Work to be completed: Give back exactly the lines of the data below, starting with the line that has "Verbatim DVD-R Spindle" and going on through the line that has "Vektor horizontale Vorlage".
Task inputs below:
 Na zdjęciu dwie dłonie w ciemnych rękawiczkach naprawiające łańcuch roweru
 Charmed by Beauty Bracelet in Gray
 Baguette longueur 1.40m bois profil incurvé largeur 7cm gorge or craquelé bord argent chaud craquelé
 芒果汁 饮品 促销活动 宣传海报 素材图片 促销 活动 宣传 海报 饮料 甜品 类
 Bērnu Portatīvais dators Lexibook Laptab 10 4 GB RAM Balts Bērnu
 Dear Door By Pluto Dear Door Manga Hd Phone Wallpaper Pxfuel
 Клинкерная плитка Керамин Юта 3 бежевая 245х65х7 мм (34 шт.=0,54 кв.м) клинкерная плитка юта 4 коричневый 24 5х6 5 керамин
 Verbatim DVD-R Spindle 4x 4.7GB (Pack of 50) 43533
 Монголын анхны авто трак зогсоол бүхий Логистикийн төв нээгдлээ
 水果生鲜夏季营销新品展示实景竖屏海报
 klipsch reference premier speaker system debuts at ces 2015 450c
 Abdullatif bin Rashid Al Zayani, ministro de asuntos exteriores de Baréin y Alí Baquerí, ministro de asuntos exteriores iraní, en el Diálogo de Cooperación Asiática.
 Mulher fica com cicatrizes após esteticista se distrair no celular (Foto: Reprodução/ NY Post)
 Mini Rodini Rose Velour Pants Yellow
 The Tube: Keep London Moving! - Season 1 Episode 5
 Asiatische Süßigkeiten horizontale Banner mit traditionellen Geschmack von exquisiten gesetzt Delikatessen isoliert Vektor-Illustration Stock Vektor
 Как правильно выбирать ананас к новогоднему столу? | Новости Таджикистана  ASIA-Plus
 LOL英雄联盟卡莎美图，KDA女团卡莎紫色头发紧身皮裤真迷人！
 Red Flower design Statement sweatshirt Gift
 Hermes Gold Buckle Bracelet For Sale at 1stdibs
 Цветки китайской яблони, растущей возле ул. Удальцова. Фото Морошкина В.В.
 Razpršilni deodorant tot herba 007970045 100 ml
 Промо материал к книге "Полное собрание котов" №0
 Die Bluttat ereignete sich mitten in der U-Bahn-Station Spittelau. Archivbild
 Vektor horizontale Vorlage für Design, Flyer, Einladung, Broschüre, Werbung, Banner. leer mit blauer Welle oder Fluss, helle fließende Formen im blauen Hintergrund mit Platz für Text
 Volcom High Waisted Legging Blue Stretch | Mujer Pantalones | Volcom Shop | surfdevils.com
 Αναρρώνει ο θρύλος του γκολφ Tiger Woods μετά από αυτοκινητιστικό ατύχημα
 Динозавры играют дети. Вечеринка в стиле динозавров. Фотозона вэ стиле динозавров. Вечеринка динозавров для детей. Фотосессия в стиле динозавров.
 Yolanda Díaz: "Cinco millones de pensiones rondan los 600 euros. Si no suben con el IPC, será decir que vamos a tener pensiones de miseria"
End of Task inputs.
Solution to this problem:
 Verbatim DVD-R Spindle 4x 4.7GB (Pack of 50) 43533
 Монголын анхны авто трак зогсоол бүхий Логистикийн төв нээгдлээ
 水果生鲜夏季营销新品展示实景竖屏海报
 klipsch reference premier speaker system debuts at ces 2015 450c
 Abdullatif bin Rashid Al Zayani, ministro de asuntos exteriores de Baréin y Alí Baquerí, ministro de asuntos exteriores iraní, en el Diálogo de Cooperación Asiática.
 Mulher fica com cicatrizes após esteticista se distrair no celular (Foto: Reprodução/ NY Post)
 Mini Rodini Rose Velour Pants Yellow
 The Tube: Keep London Moving! - Season 1 Episode 5
 Asiatische Süßigkeiten horizontale Banner mit traditionellen Geschmack von exquisiten gesetzt Delikatessen isoliert Vektor-Illustration Stock Vektor
 Как правильно выбирать ананас к новогоднему столу? | Новости Таджикистана  ASIA-Plus
 LOL英雄联盟卡莎美图，KDA女团卡莎紫色头发紧身皮裤真迷人！
 Red Flower design Statement sweatshirt Gift
 Hermes Gold Buckle Bracelet For Sale at 1stdibs
 Цветки китайской яблони, растущей возле ул. Удальцова. Фото Морошкина В.В.
 Razpršilni deodorant tot herba 007970045 100 ml
 Промо материал к книге "Полное собрание котов" №0
 Die Bluttat ereignete sich mitten in der U-Bahn-Station Spittelau. Archivbild
 Vektor horizontale Vorlage für Design, Flyer, Einladung, Broschüre, Werbung, Banner. leer mit blauer Welle oder Fluss, helle fließende Formen im blauen Hintergrund mit Platz für Text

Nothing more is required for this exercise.